Note that all power values should have the same units (kW or W for example). This allows you to change the max power along time using a Scheduler or whatever you like.

Tip Notes

  1. When shedding is encountered, the heater is set to the preset named power. This is a hidden preset, you cannot select it manually.
  2. I use this to avoid exceeded the limit of my electrical power contract when an electrical vehicle is charging. This makes a kind of auto-regulation.
  3. Always keep a margin, because max power can be briefly exceeded while waiting for the next cycle calculation typically or by not regulated equipement.
  4. If you don't want to use this feature, just leave the entities id empty
  5. If you control several heaters, the power consumption of your heater setup should be the sum of the power.

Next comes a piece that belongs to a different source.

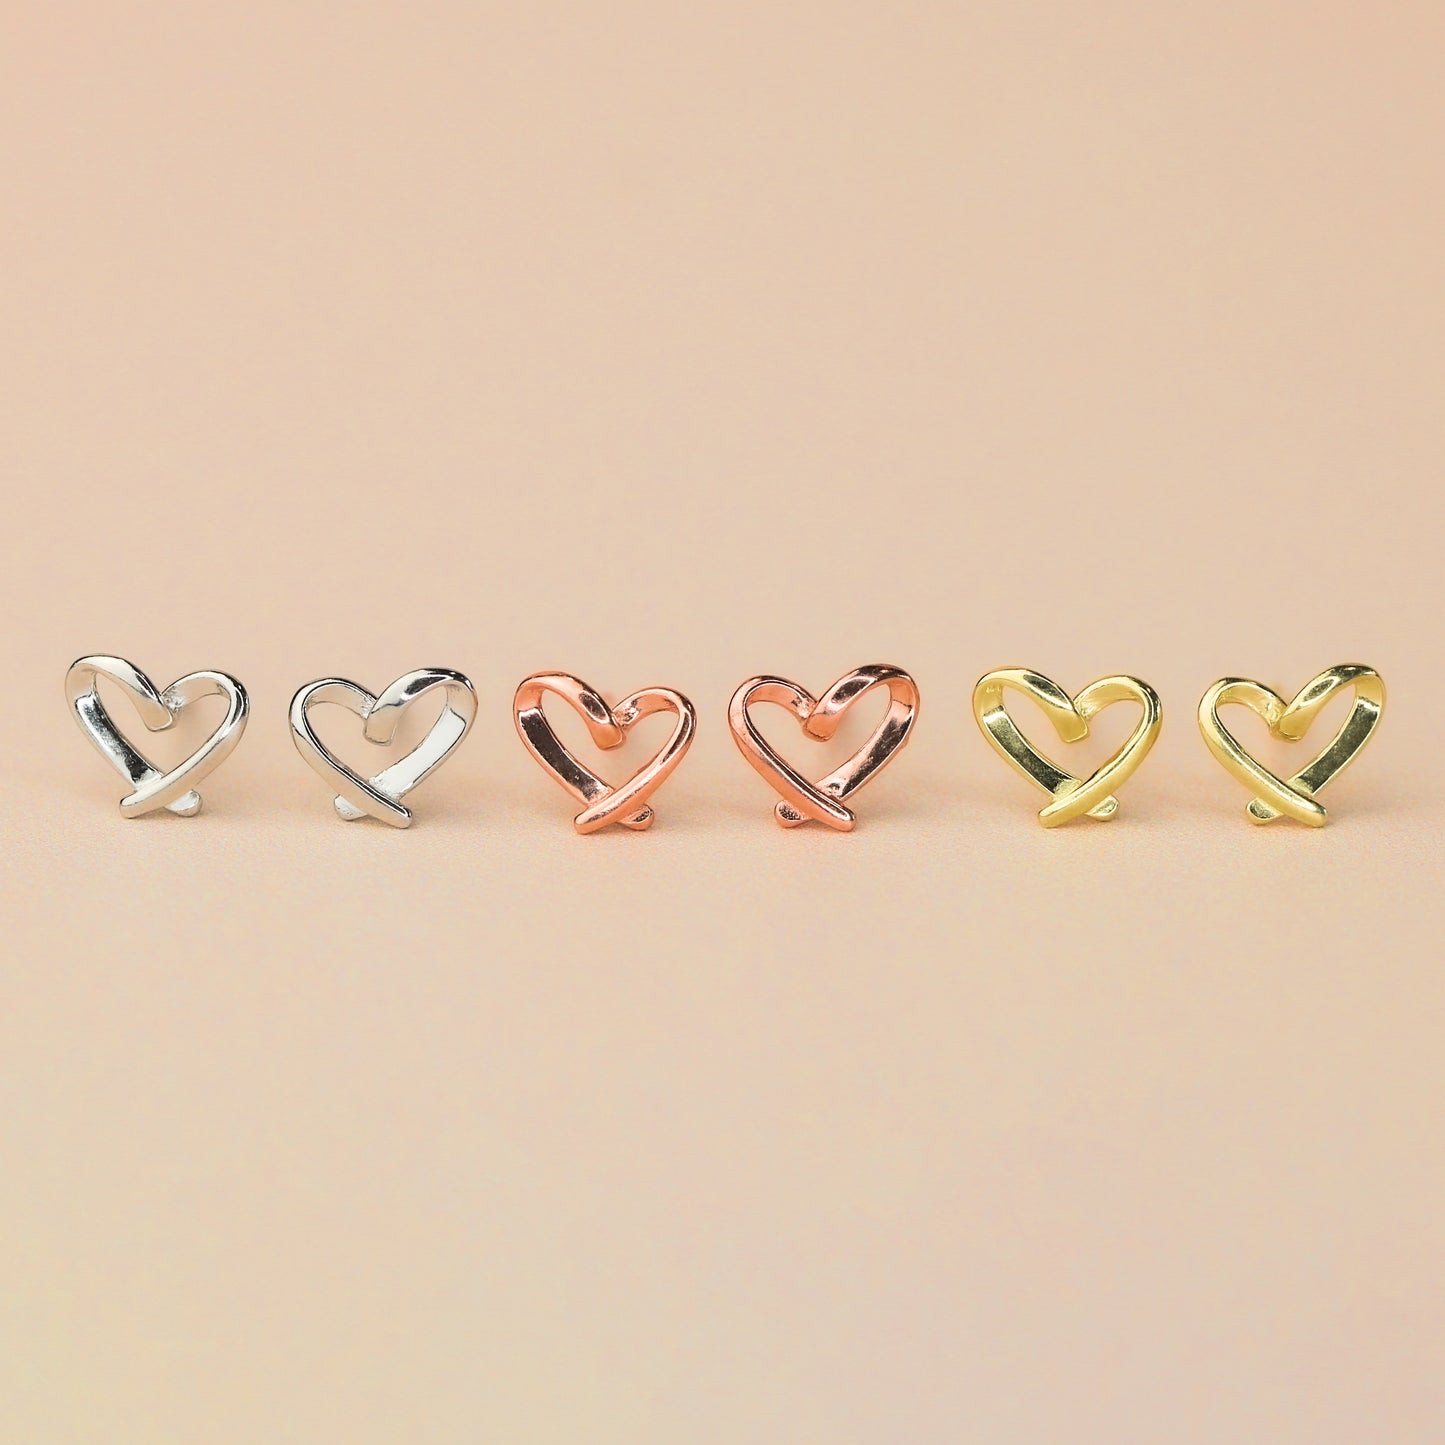 Three pairs of heart stud earrings, in silver, gold and rose gold colour

If you choose the Presence management feature, this feature allows you to dynamically changes the temperature of all configured Versatile thermostat's presets when nobody is at home or when someone comes back home. For this, you have to configure the temperature that will be used for each preset when presence is off. When the occupancy sensor turns to off, those tempoeratures will be used. When it turns on again the "normal" temperature configured for the preset is used. See preset management. To configure presence fills this form:

image

For this you need to configure:

  1. A occupancy sensor which state should be 'on' or 'home' if someone is present or 'off' or 'not_home' else,
  2. The temperature used in Eco preset when absent,
  3. The temperature used in Comfort preset when absent,
  4. The temperature used in Boost preset when absent

Si le mode AC est utilisé, vous pourrez aussi configurer les températures lorsque l'équipement en mode climatisation.

Tip Notes

  1. the switch of temperature is immediate and is reflected on the front component. The calculation will take the new target temperature into account at the next cycle calculation,
  2. you can use direct person.xxxx sensor or group of sensors of Home Assistant. The presence sensor handles on or home states as present and off or not_home state as absent.

Advanced configuration

Those parameters allows to fine tune the thermostat. The advanced configuration form is the following:

image

The first delay (minimal_activation_delay_sec) in sec in the minimum delay acceptable for turning on the heater. When calculation gives a power on delay below this value, the heater will stays off.

The second delay (security_delay_min) is the maximal delay between two temperature measure before setting the preset to security and turning off the thermostat. If the temperature sensor is no more giving temperature measures, the thermostat and heater will turns off after this delay and the preset of the thermostat will be set to security. This is useful to avoid overheating is the battery of your temperature sensor is too low.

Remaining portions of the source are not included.